En l’absence de toute dette postérieure, il n’y a pas lieu de statuer sur la demande de délai complémentaire.
Le jugement déféré sera infirmé en ce qui concerne la condamnation prononcée au titre de l’arriéré locatif, étant rappelé que les appelants doivent s’acquitter régulièrement du paiement du loyer courant et des charges, sous peine de reprise des effets de la clause résolutoire du bail à l’issue du délai de deux ans.
Sur les frais et dépens :
Les dispositions du jugement déféré quant aux frais et dépens seront confirmées.
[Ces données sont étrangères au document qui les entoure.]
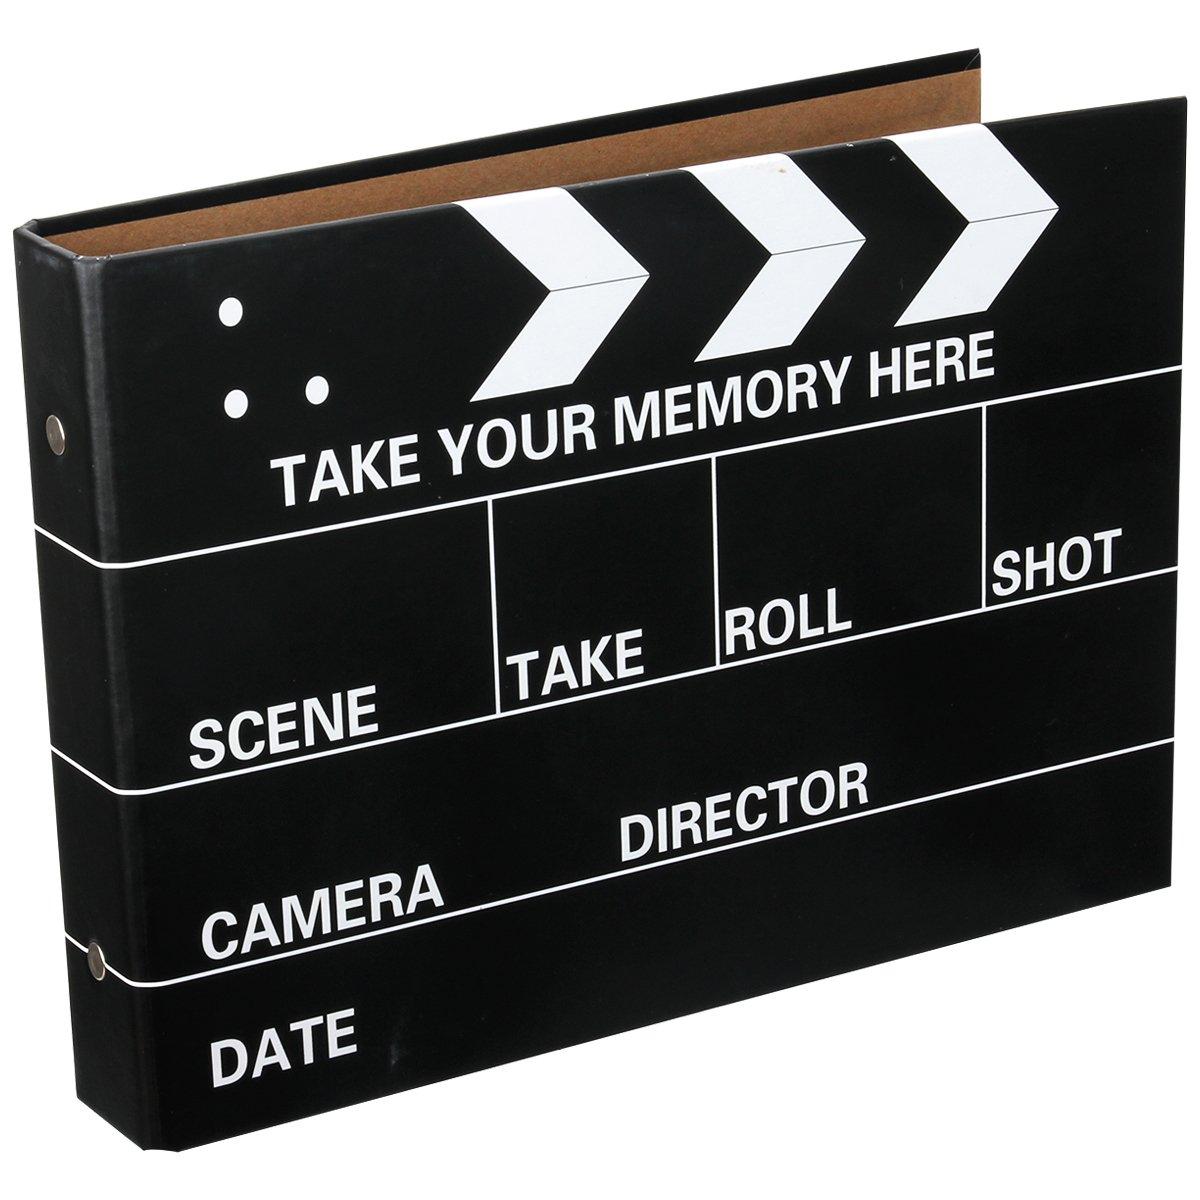 [Fujifilm Instax Mini Foto Álbum] - CAIUL 50 Páginas DIY Álbum para Fujifilm Instax Mini 70 7s 8 8+ 9 25 26 50 90/ Pringo 231/ Instax SP-1/ Polaroid PIC-300P Z2300 Film (Flores) Nodartisan

Eu égard aux faits de l’espèce, les dépens de l’instance d’appel seront laissés à la charge de Monsieur [D] et Madame [W] .
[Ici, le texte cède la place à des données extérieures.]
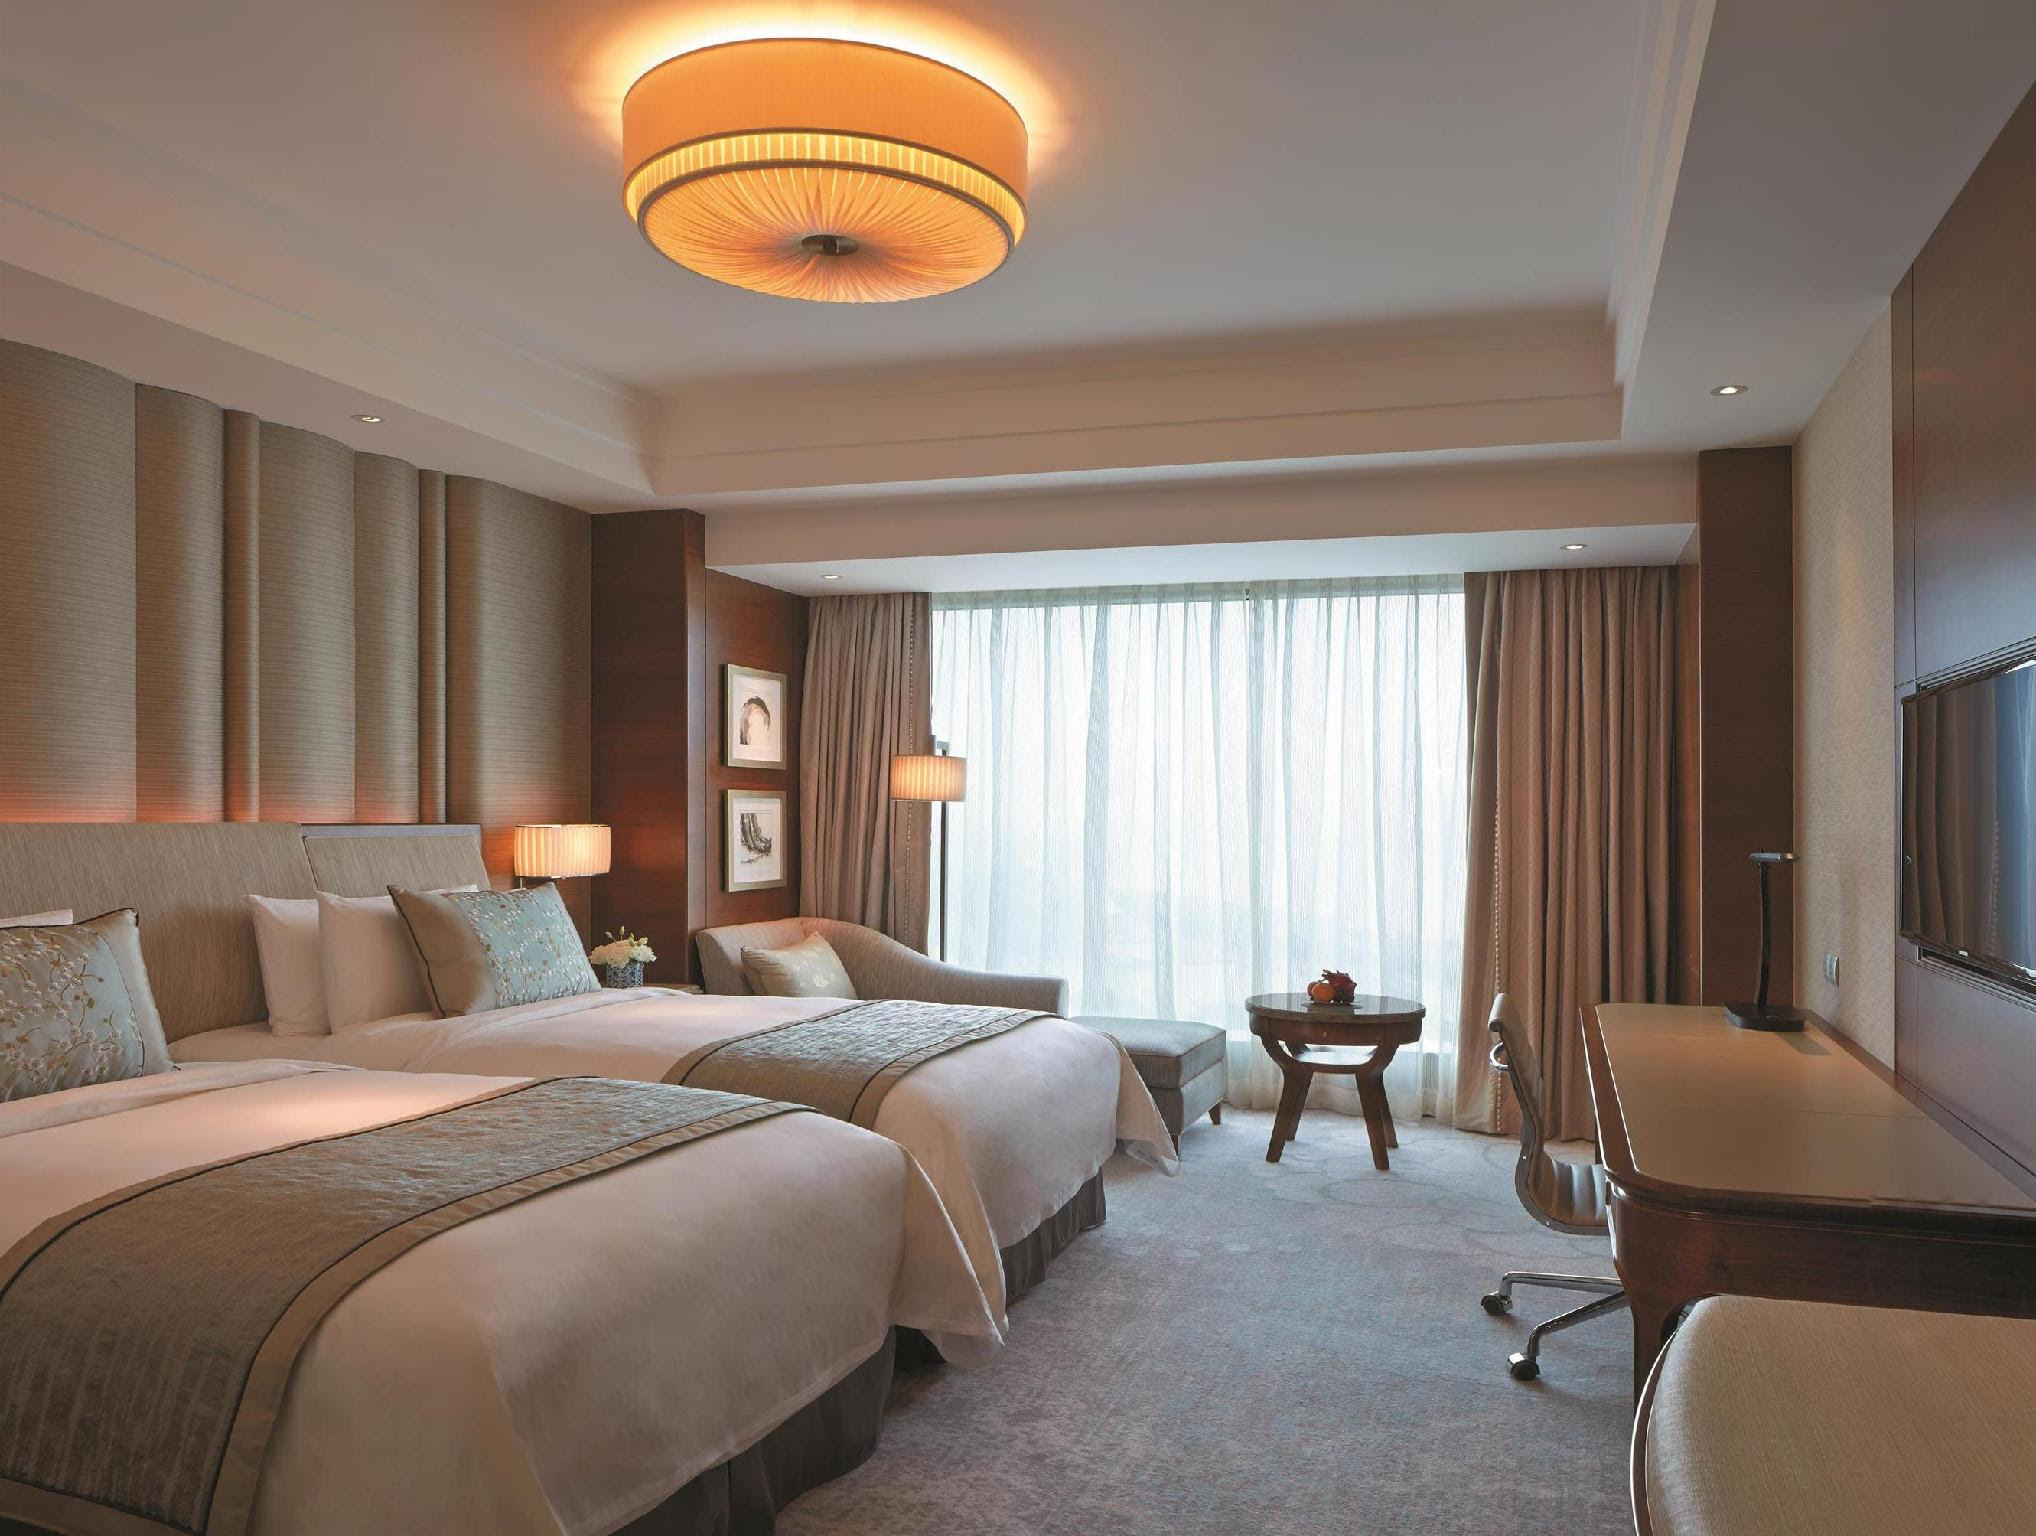 Price Shangri-La Hotel Nanchang

L’équité commande qu’il ne soit pas fait application des dispositions de l’article 700 du code de procédure civile à hauteur d’appel au bénéfice de l’OPH Habitats de Haute Alsace.
PAR CES MOTIFS
La cour, statuant publiquement, par arrêt contradictoire,
INFIRME le jugement déféré en ce qu’il condamne les défendeurs au paiement d’un arriéré locatif de 1 413,63 euros outre les intérêts,
Statuant à nouveau du chef infirmé et y ajoutant,
CONSTATE que la créance de l’OPH Habitats de Haute Alsace a été effacée par décision de la commission de surendettement des particuliers du Haut-Rhin du 27 mars 2025,
DEBOUTE en conséquence l’OPH Habitats de Haute Alsace de sa demande en paiement de l’arriéré locatif,
SUSPEND les effets de la clause de résiliation de plein droit pendant un délai de deux ans à partir de la date de la décision imposant les mesures d’effacement, soit le 27 mars 2025,
RAPPELLE que ce délai ne peut affecter l’exécution du contrat de location et notamment suspendre le paiement du loyer et des charges,
DIT que si Madame [X] [W] et Monsieur [C] [D] se sont acquittés du paiement des loyers et des charges conformément au contrat de location pendant le délai de deux ans, la clause de résiliation de plein droit sera réputée ne pas avoir joué,
DIT que dans le cas contraire, elle reprendra son plein effet,
CONFIRME dans cette hypothèse le jugement déféré en ce qu’il condamne les locataires à évacuer les lieux et à payer une indemnité d’occupation,
CONFIRME le jugement déféré quant aux frais irrépétibles et aux dépens,
DEBOUTE l’OPH Habitats de Haute Alsace de sa demande fondée sur l’article 700 du code de procédure civile pour la procédure d’appel,
CONDAMNE Madame [X] [W] et Monsieur [C] [D] aux dépens de l’instance d’appel.